Once again it is time to start thinking about casting your vote for the
1998 Darwin Award winner! As you may already know, the Darwin Awards are for
those nominees who contribute to the gene pool by
dying in spectacularly stupid ways (before they breed thankfully).


The 1998 nominees are:


NOMINEE No. 1 [San Jose Mercury News]: An unidentified man, using a shotgun
like a club to break a former girlfriend's windshield,
accidentally shot himself to death when the gun discharged, blowing a
hole in his gut.


NOMINEE No. 2: [Kalamazoo Gazette] James Burns, 34, (a mechanic) of Alamo,
Mich., was killed in March as he was trying to repair what police described
as a "farm-type truck." Burns got a friend to drive the truck on a highway
while Burns hung underneath so that he could ascertain the source of a
troubling noise. Burns' clothes caught on something, however,and the other
man found Burns wrapped in the drive shaft."

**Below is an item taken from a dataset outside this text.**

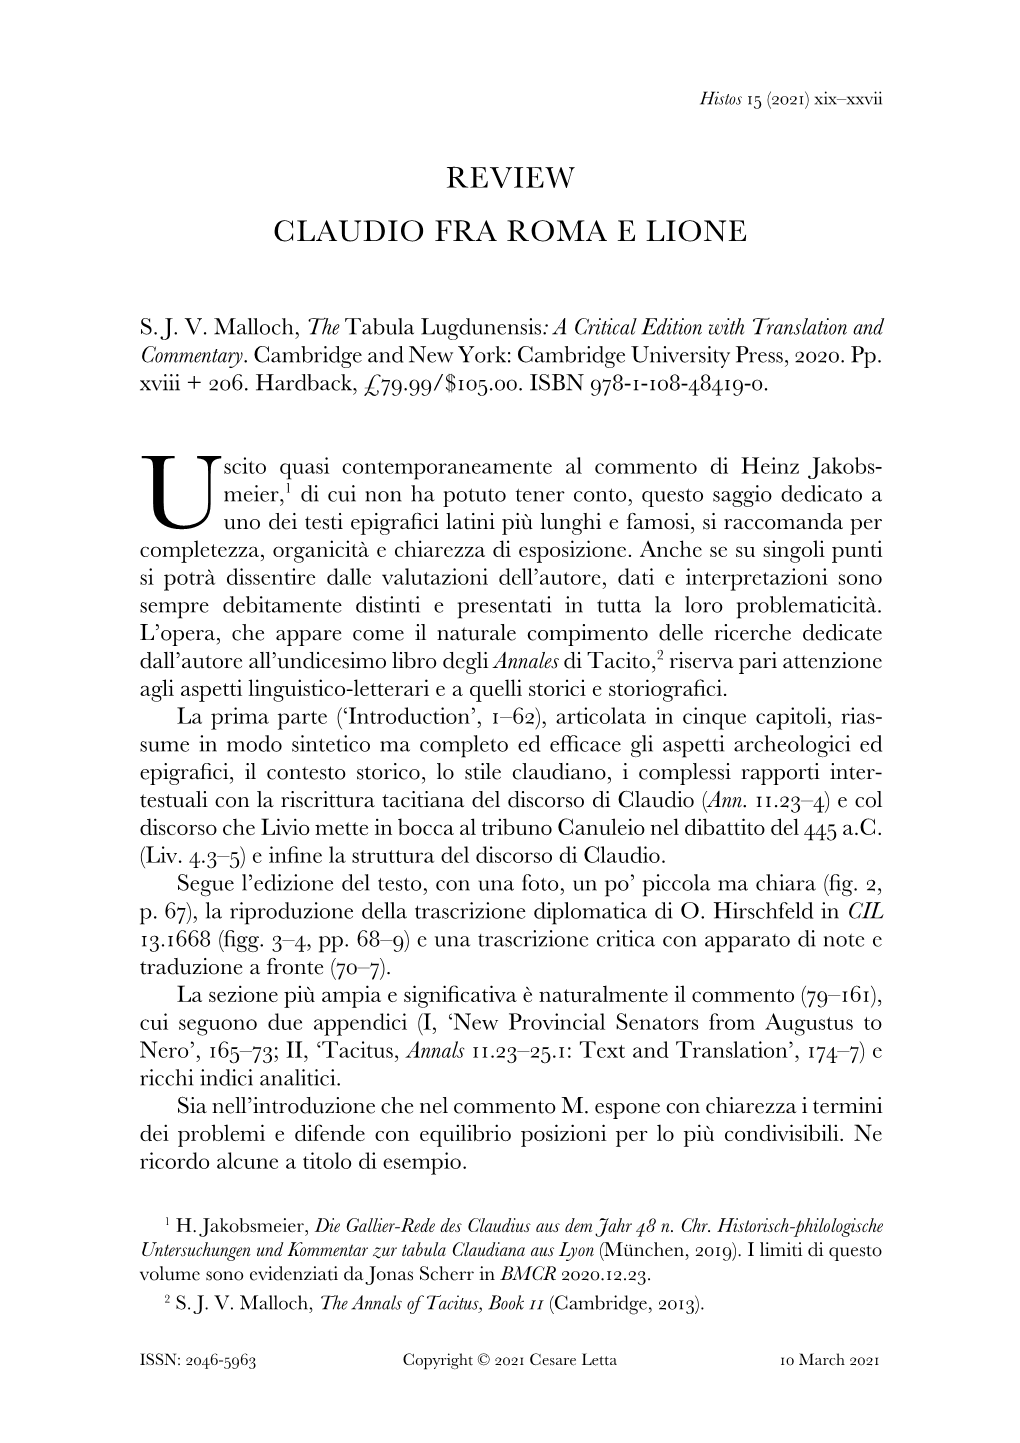 Review Claudio Fra Roma E Lione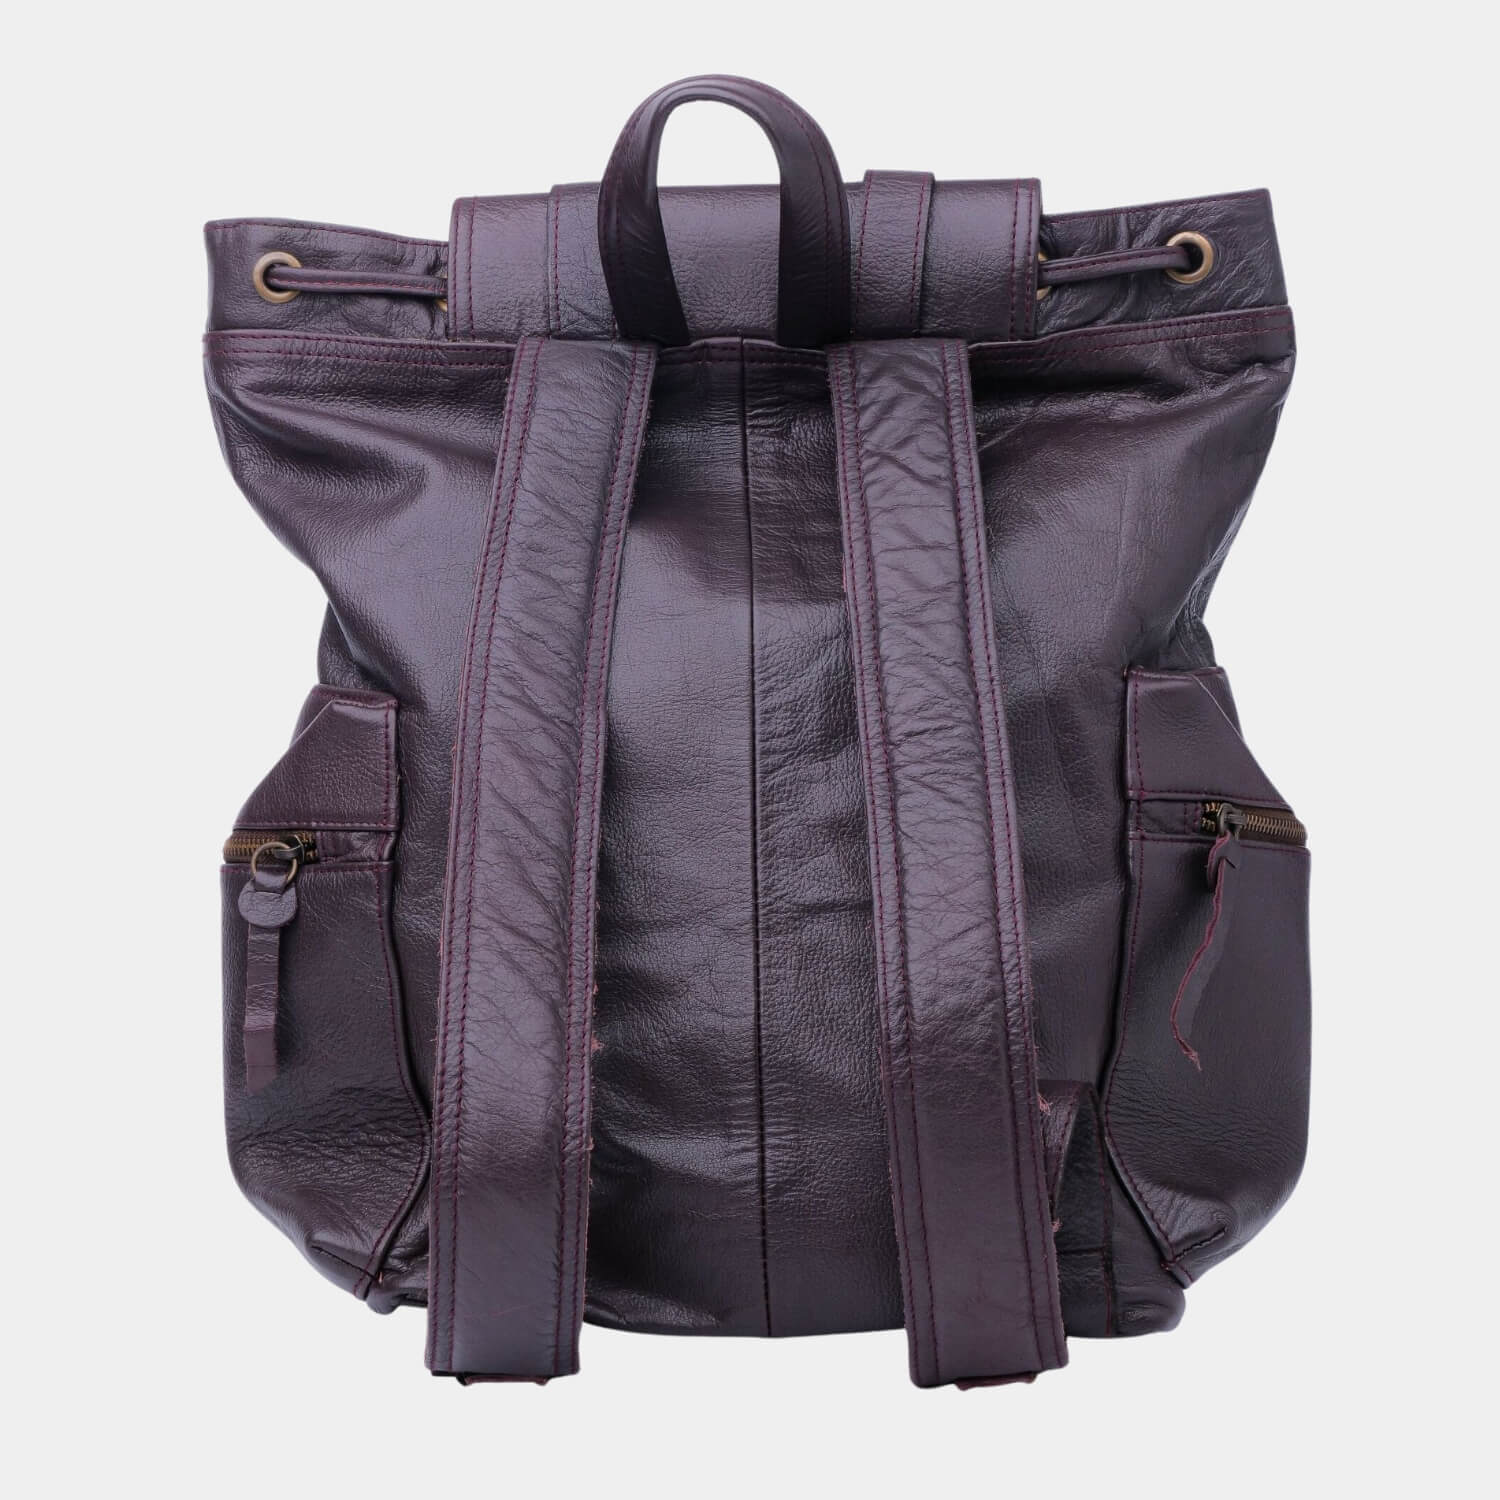 Chestnut Leather Backpack Travel Laptop Office Bag Back

NOMINEE No. 3: [Hickory Daily Record] Ken Charles Barger, 47, accidentally
shot himself to death in December in Newton, N.C. wakening to the sound of a
ringing telephone beside his bed, he reached for the phone but grabbed
instead a Smith & Wesson .38 special, which discharged when he drew it to
his ear.


NOMINEE No. 4: [UPI, Toronto] Police said a lawyer demonstrating the safety
of windows in a downtown Toronto skyscraper crashed through a pane with his
shoulder and plunged 24 floors to his death. A police spokesman said Garry
Hoy, 39, fell into the courtyard of the Toronto Dominion Bank Tower early
Friday evening as he was explaining the strength of the building's windows
to visiting law students. Hoy previously has conducted demonstrations of
window strength according to police reports. Peter Lawyers, managing partner
of the firm Holden Day Wilson, told the Toronto Sun Newspaper that Hoy was
"one of the best and brightest" members of the 200-man association.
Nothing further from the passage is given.